The value that is paired with the data key is created by the Python datetime.date command as per what the commentator said above.
>>>today_date = datetime.date.today()
So I'm not sure why the error is occurring. I appreciate your help on both questions #1 and #2. Thank you.
回答1:
SQLAlchemy takes care of the bind parameters and ordering. There is no need to worry about that.
You specified in your SQLAlchemy ORM metadata definition that you are handling a date column. SQLAlchemy then handles the translation to the correct form for the backend database. The error comes from SQLAlchemy, not SQLLite; SA translates date objects for you.

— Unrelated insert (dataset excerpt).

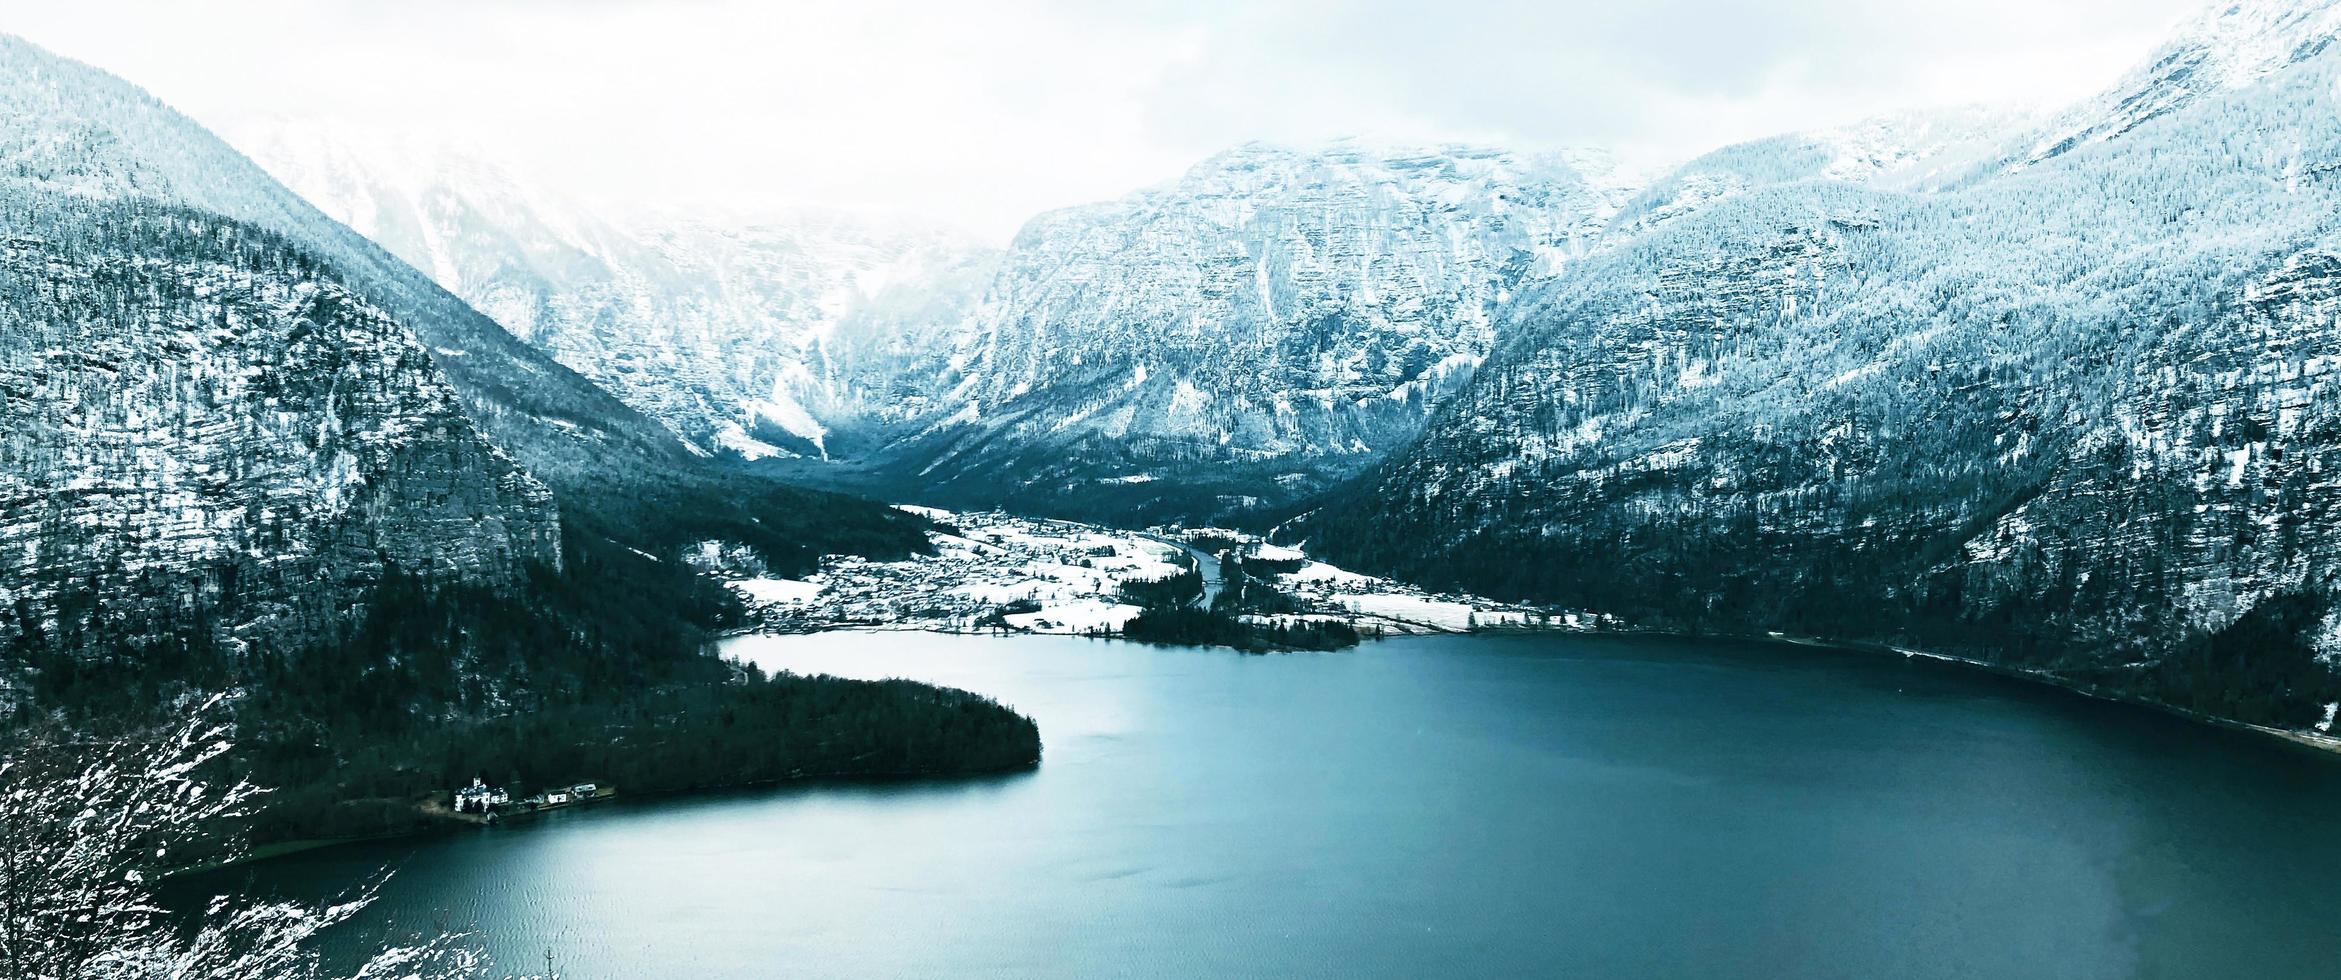 panorama de la vallée du paysage de montagne de neige d'hiver hallstatt et du lac à travers la forêt dans la vallée des hautes terres hallstatt, autriche photo

This goes both ways; even when using SQLLite, you can put date objects in, and when you query, you get date objects out again.
The reply to the post you link to talks about the same things there; use a String() column if you wanted to store dates as strings, use datetime.date() or datetime.datetime() instances instead if you declare the column to be of type Date().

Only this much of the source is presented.